- **Work item**
Print the lines in the listing below starting at the line with "New 2021 Infiniti" and ending at the line with "849ab1ea91174 Patırtı Kırmızı", both included. Reproduce them exactly and omit every picture.

- **Data provided**
---

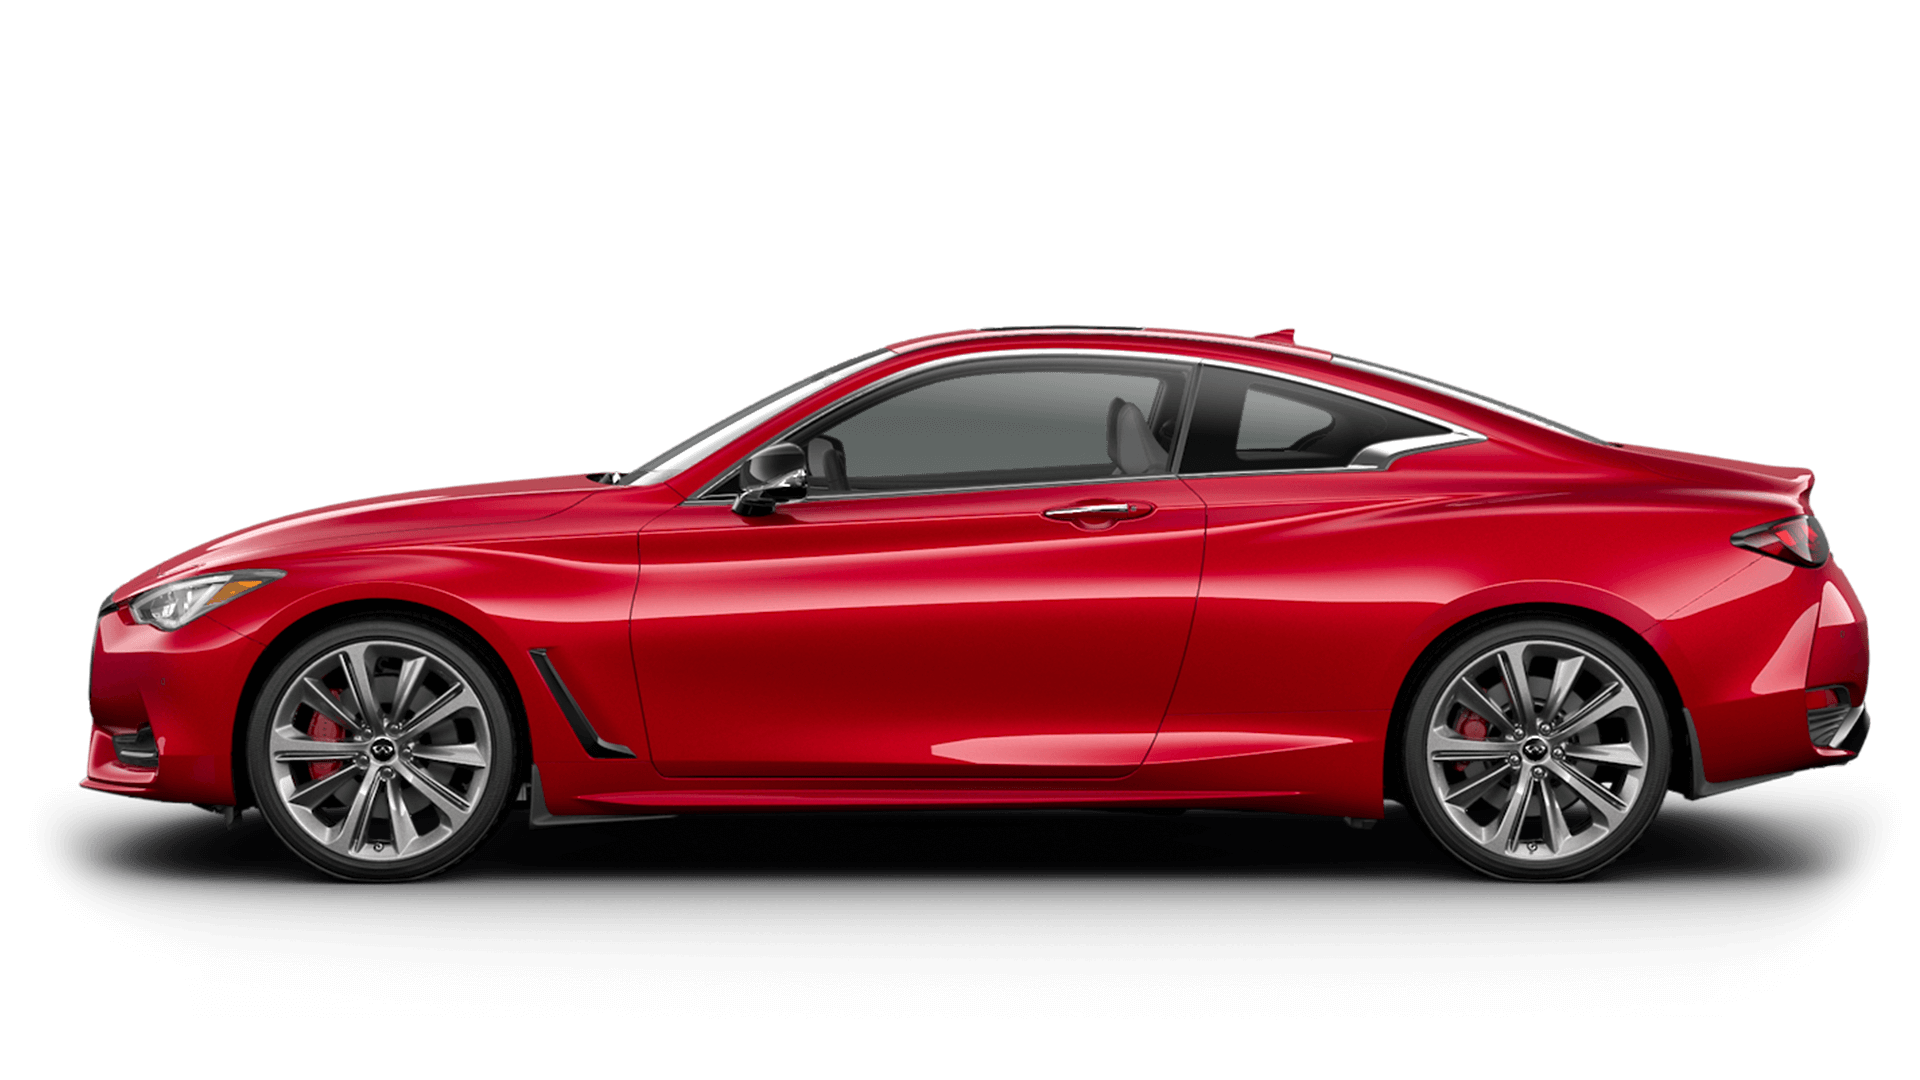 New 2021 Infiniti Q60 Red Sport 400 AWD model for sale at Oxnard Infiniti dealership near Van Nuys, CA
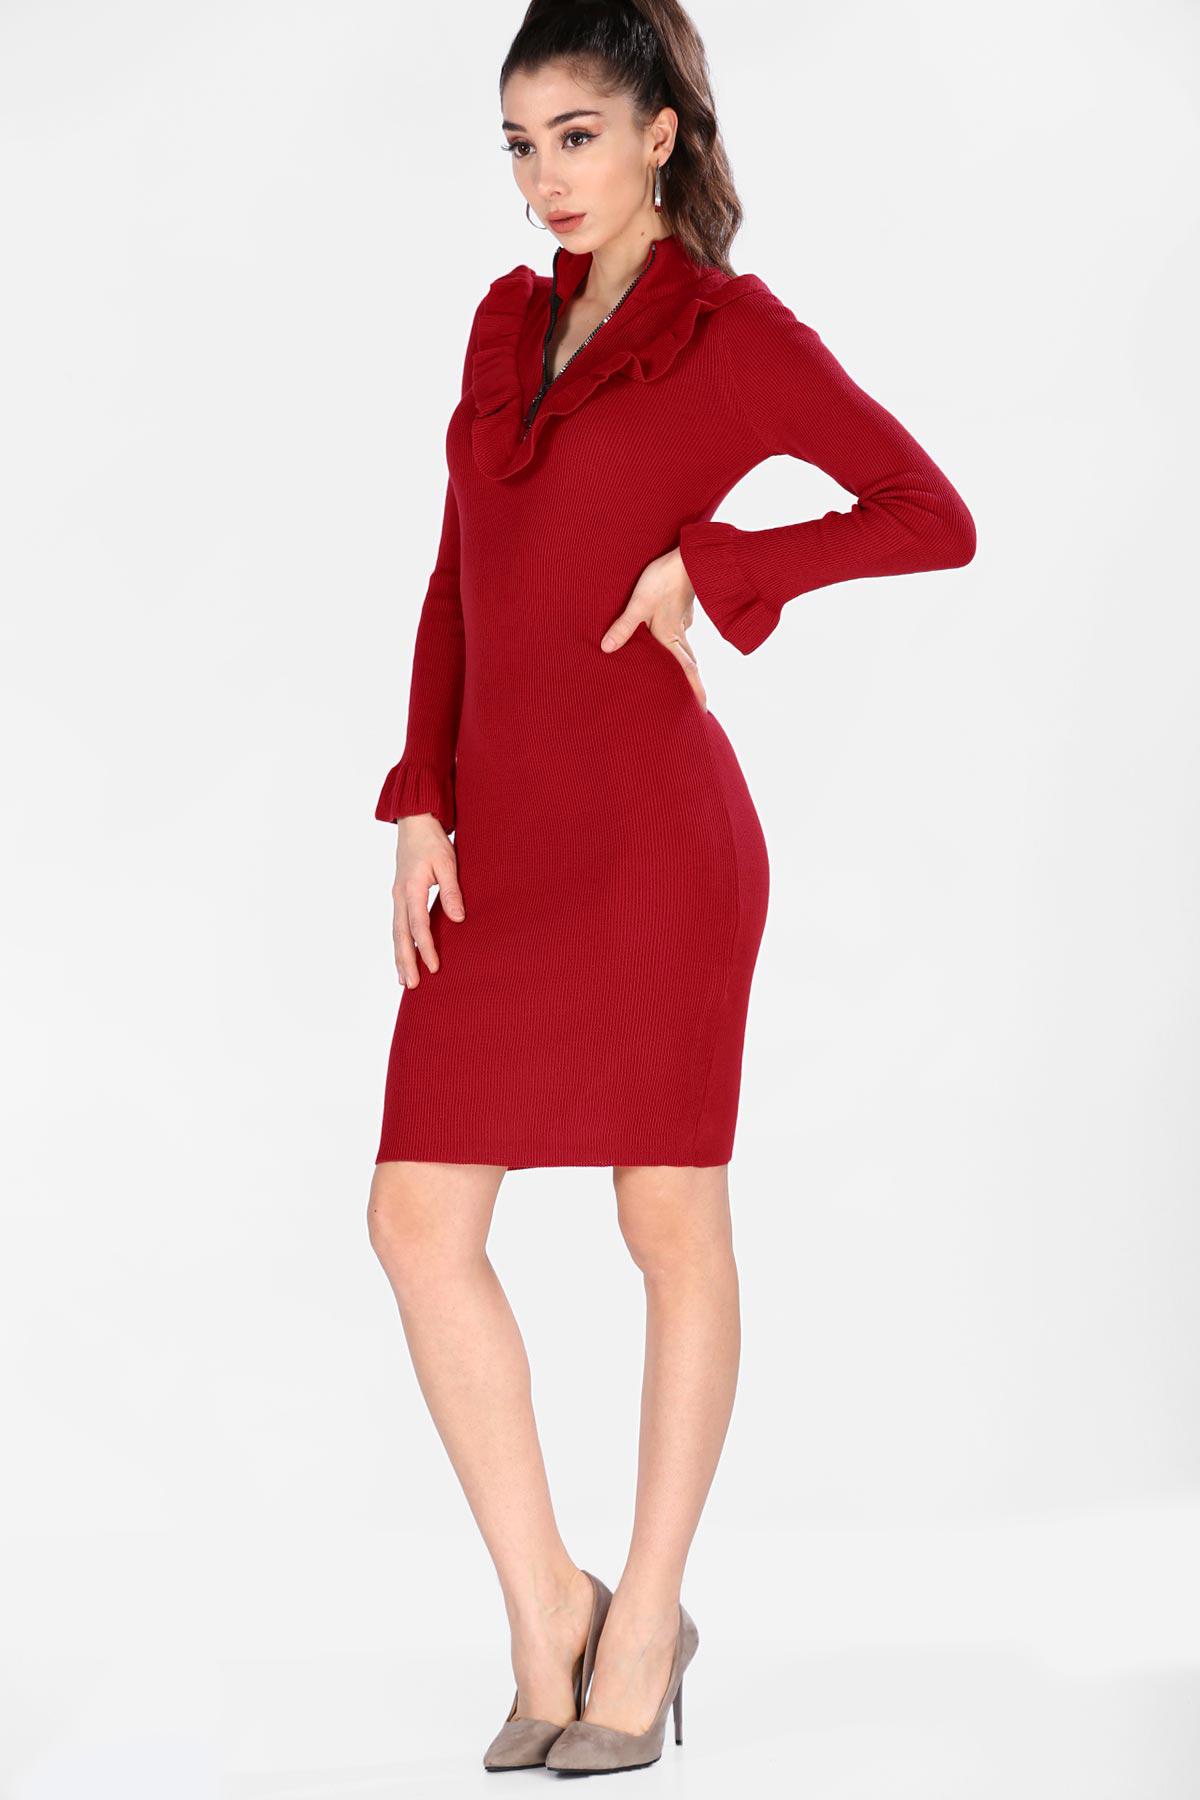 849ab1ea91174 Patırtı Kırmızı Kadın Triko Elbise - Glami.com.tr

---

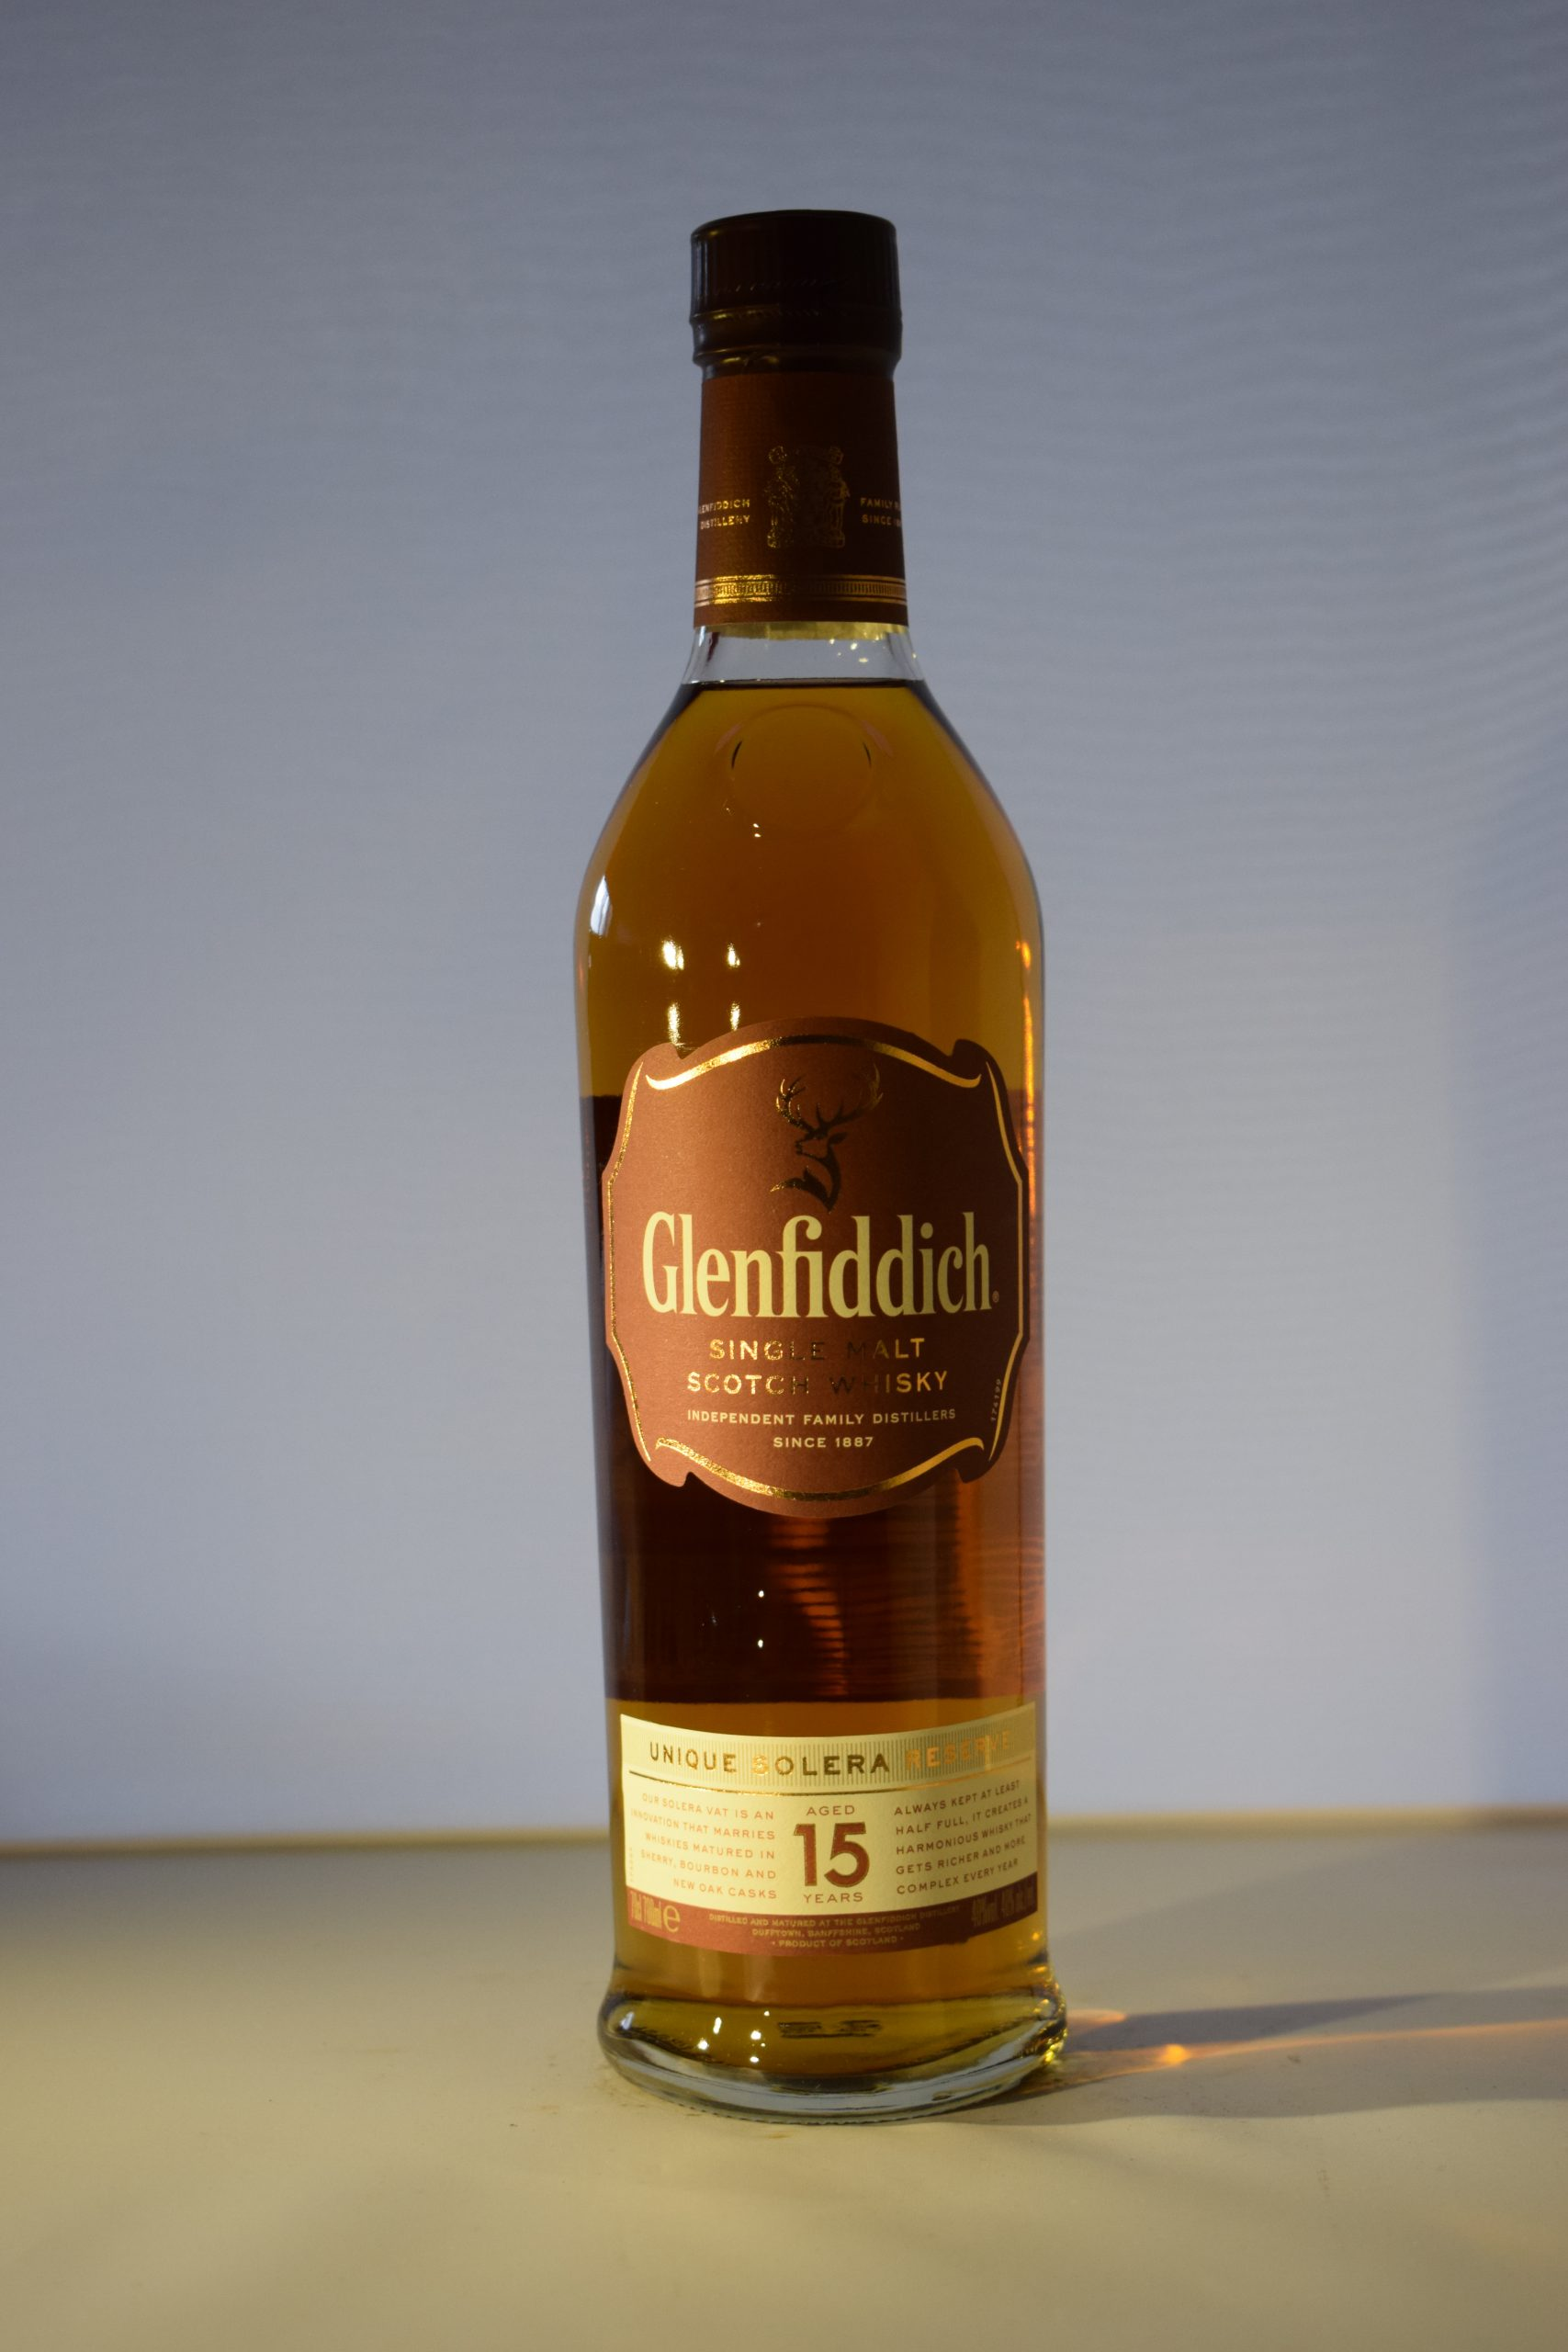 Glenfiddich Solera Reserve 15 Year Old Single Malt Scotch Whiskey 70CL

---

- **Answer space**
 New 2021 Infiniti Q60 Red Sport 400 AWD model for sale at Oxnard Infiniti dealership near Van Nuys, CA
 849ab1ea91174 Patırtı Kırmızı Kadın Triko Elbise - Glami.com.tr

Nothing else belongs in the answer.